When you write out the listing, keep every character and omit the pictures.
=== Data below ===
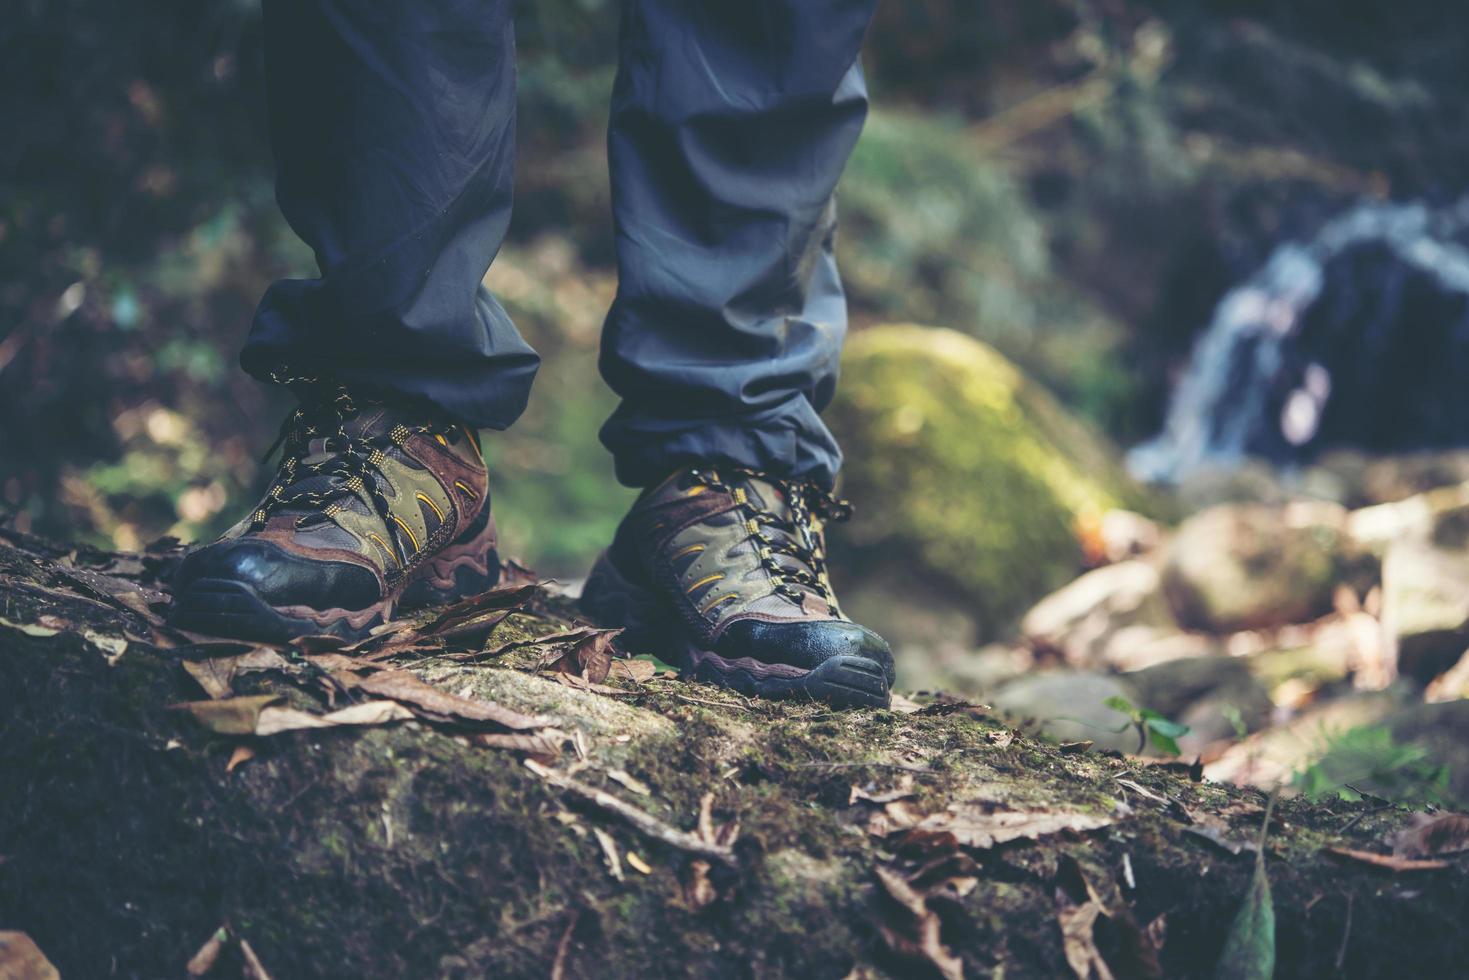 gros plan, de, a, pied homme, randonnée, sur, a, chemin montagne photo
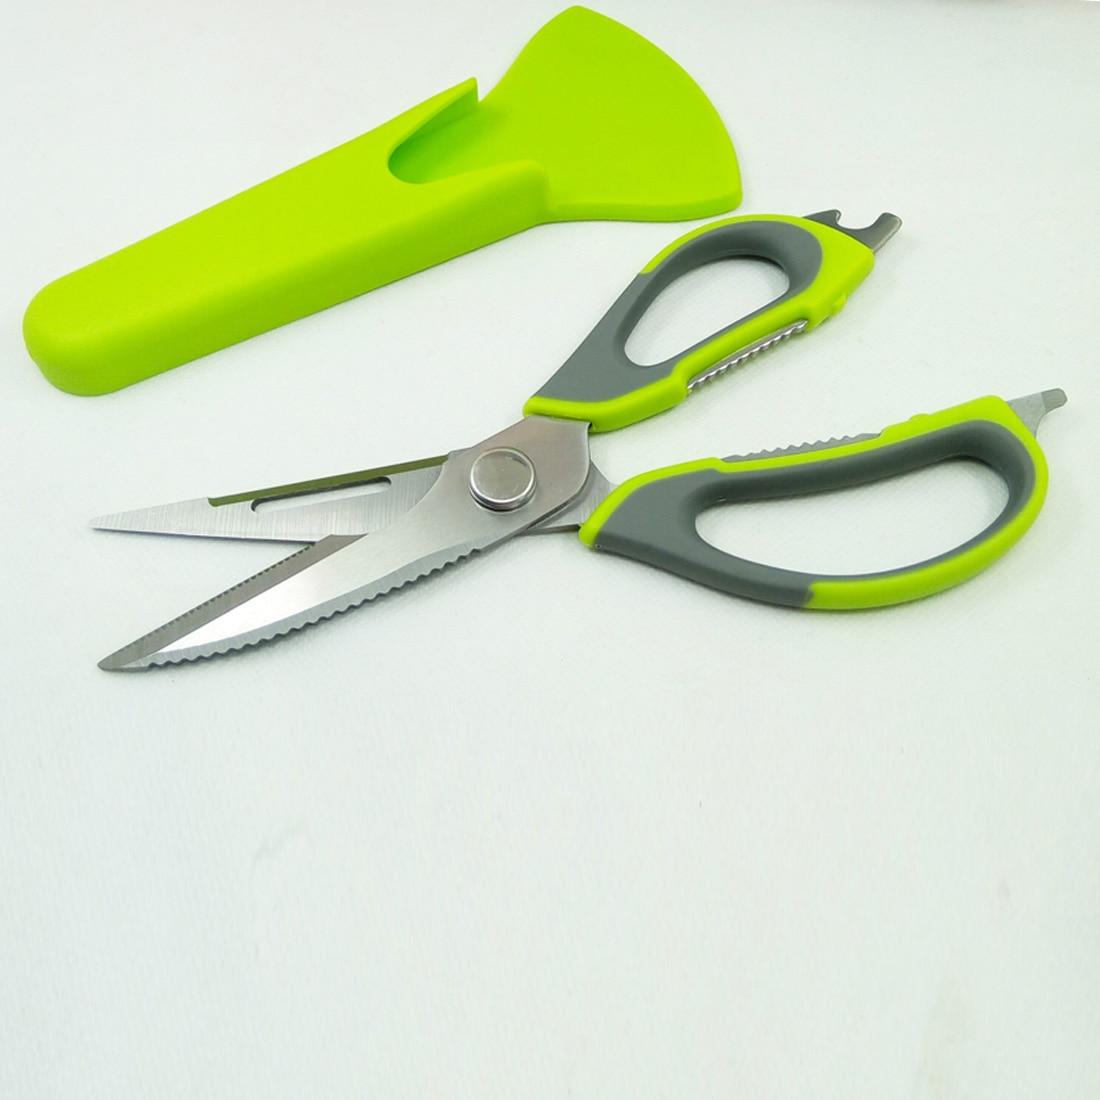 Alta calidad cocina tijeras cuchillo para pescado pollo hogar Acero inoxidable multifunción cortador tijeras herramientas de cocina
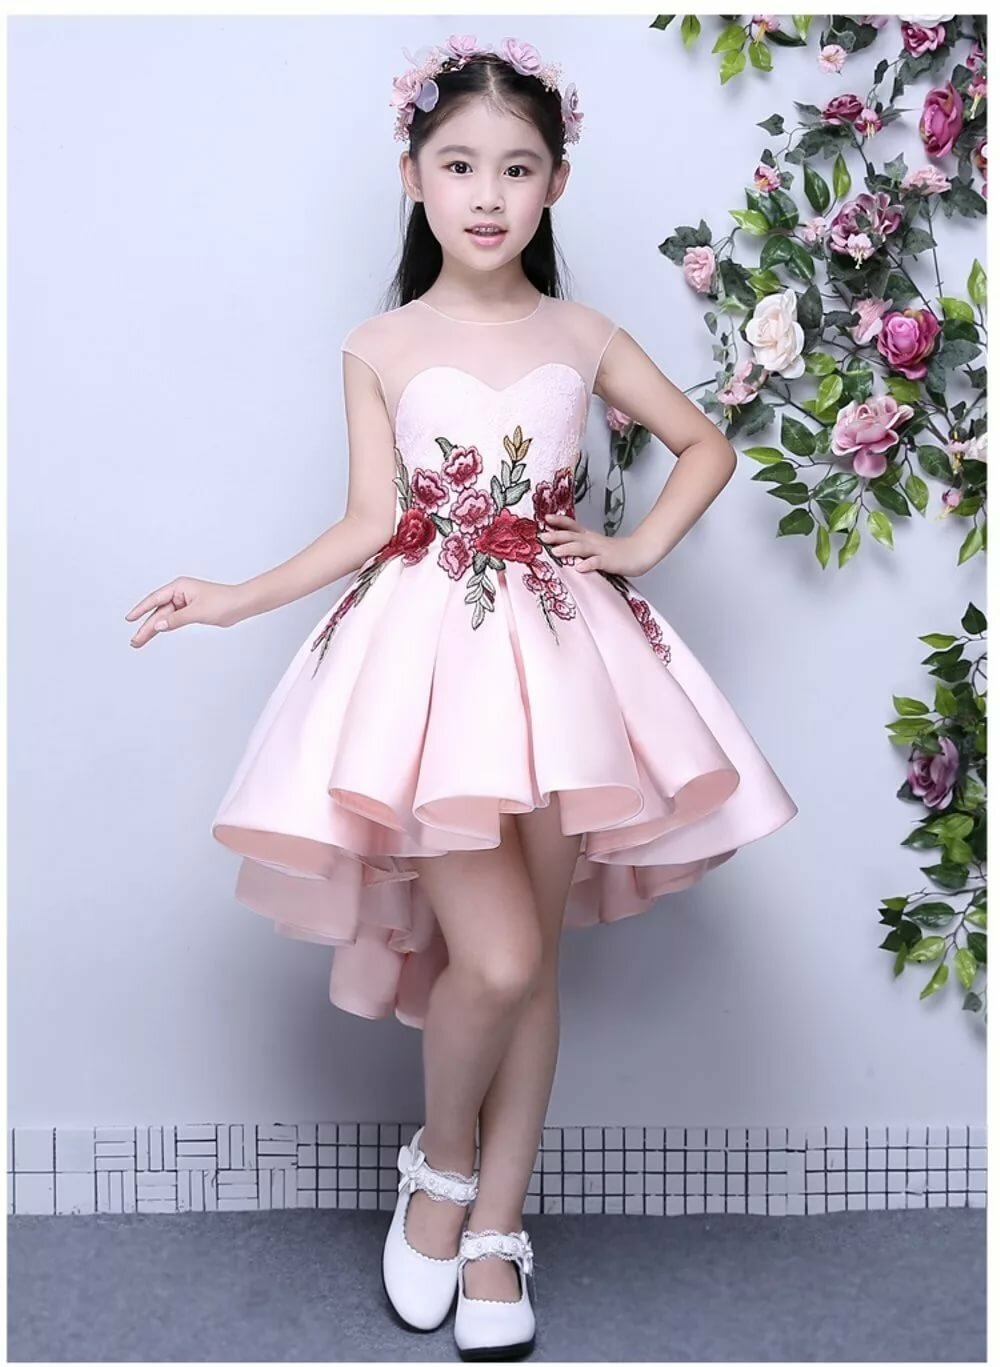 Jual A1612006 Gaun Pesta Anak Gaun Pengantin Anak Dress Anak Di
===
| Task answer |
 gros plan, de, a, pied homme, randonnée, sur, a, chemin montagne photo
 Alta calidad cocina tijeras cuchillo para pescado pollo hogar Acero inoxidable multifunción cortador tijeras herramientas de cocina
 Jual A1612006 Gaun Pesta Anak Gaun Pengantin Anak Dress Anak Di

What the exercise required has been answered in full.